Not that I haven't had Vietnamese before, but my prior experience consisted mainly of slurping down MSG-laden beef pho soup but that is like saying I've had Mexican food simply because I've had Taco Bell. Not quite the same! 

So while I'm not Vietnamese and can't claim my recipe is truly authentic, I adapted the recipe based on tips from my Vietnamese friend L's tips so hopefully that counts for something. I also adapted from House of Annie's Bun Rieu recipe. I would say that this is a great dish to host a small dinner party of 6 people because it's easy to make and you make a huge pot of sweet, flavorful soup that can go a long way.

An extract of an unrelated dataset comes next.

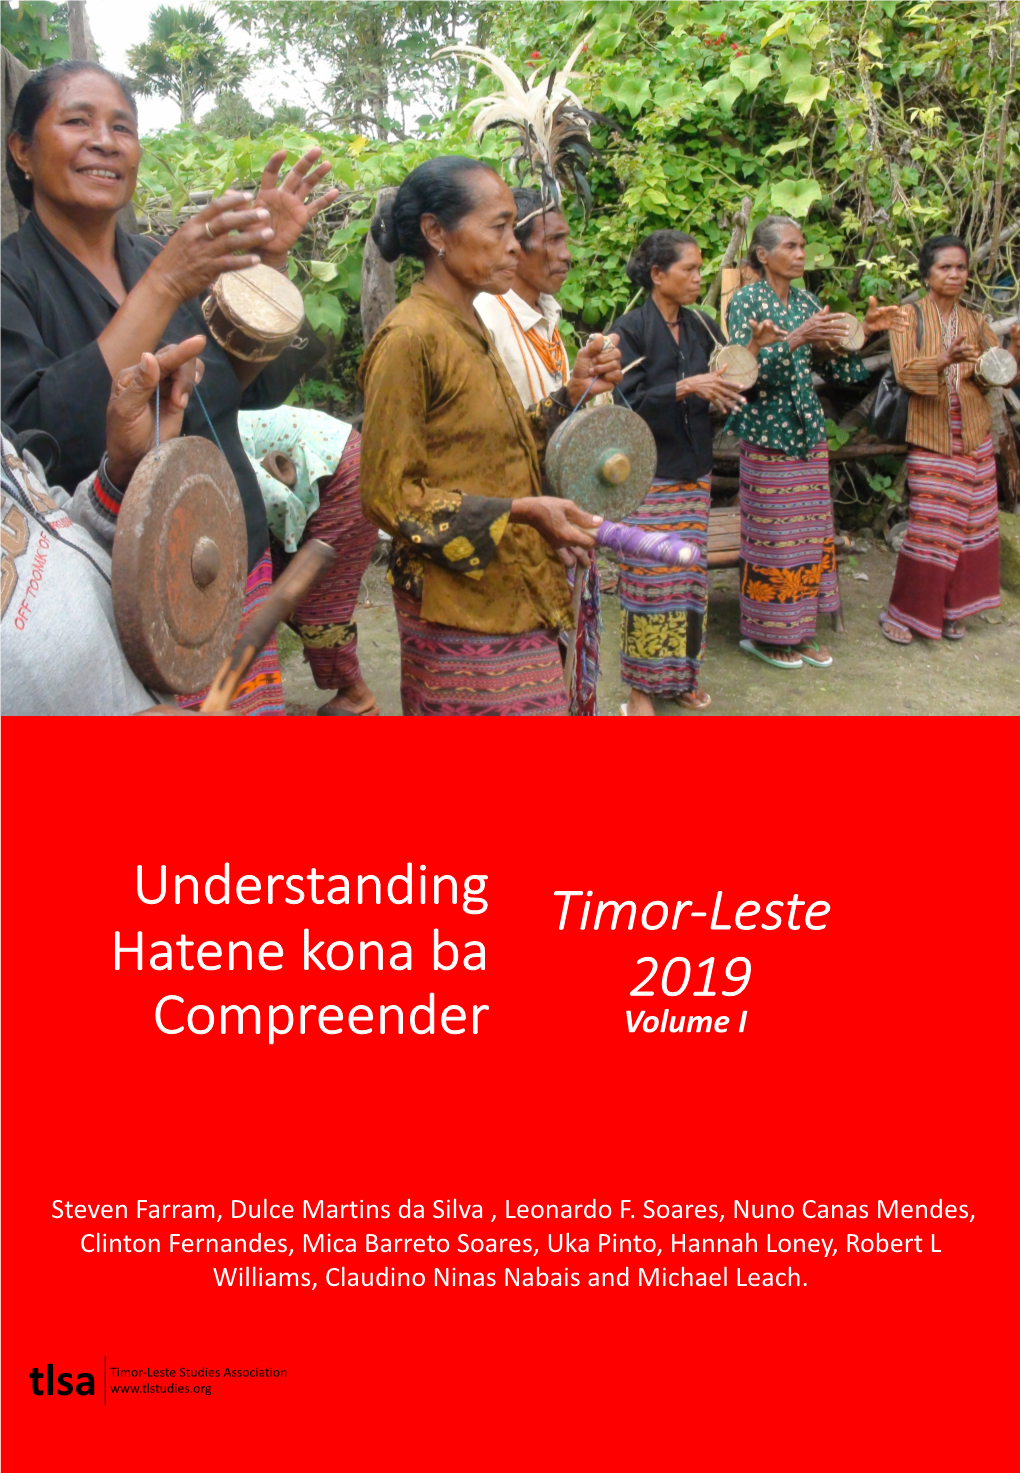 Understanding Hatene Kona Ba Compreender Timor-Leste 2019

Bún riêu (Vietnamese Crab Vermicelli)


  • 1 packet of vermicelli
  • 1 lb pork
  • 1 lb shrimp
  • 1 lb crabmeat (Costco has a great deal.)
  • 1 egg
  • 1 bottle of Bun Rieu sauce (Vietnamese crab paste sauce)
  • 12 cups of Chicken Broth
  • 4-6 large tomatoes, quartered
  • Fried sponge tofu (optional - I didn't have it)
  • Tamarind paste (to be honest, I didn't have this and it turned out ok.)
  • 1 packet Mung Beans
  • Cilantro
  • Lime wedges
  1. (A) Soak vermicelli in hot water at the start, while you prep the other ingredients.
  2. In separate pot, boil water and cook the vermicelli very quickly, drain and set aside.
  3. (B) Mix pork, crabmeat, shrimp, egg with 1 bottle of Bun Rieu sauce, so that they're thoroughly mixed.
  4. (C) In separate pot, boil chicken stock, tomatoes and tamarind paste (if you have it) and simmer until the tomatoes are soft.
  5. Add a few squirts of tomato sauce into the soup to add to the color of the soup.
  6. Form round meatballs and add to boiling soup.
  7. Add salt to taste.
  8. (D) To serve, add vermicelli in bowl, with raw mung beans. Add hot stock and meatballs to bowl (which should cook the mung beans) and garnish with some cilantro (and if you like a squirt or two of Sriracha chili) and a lime wedge.
Serves 6.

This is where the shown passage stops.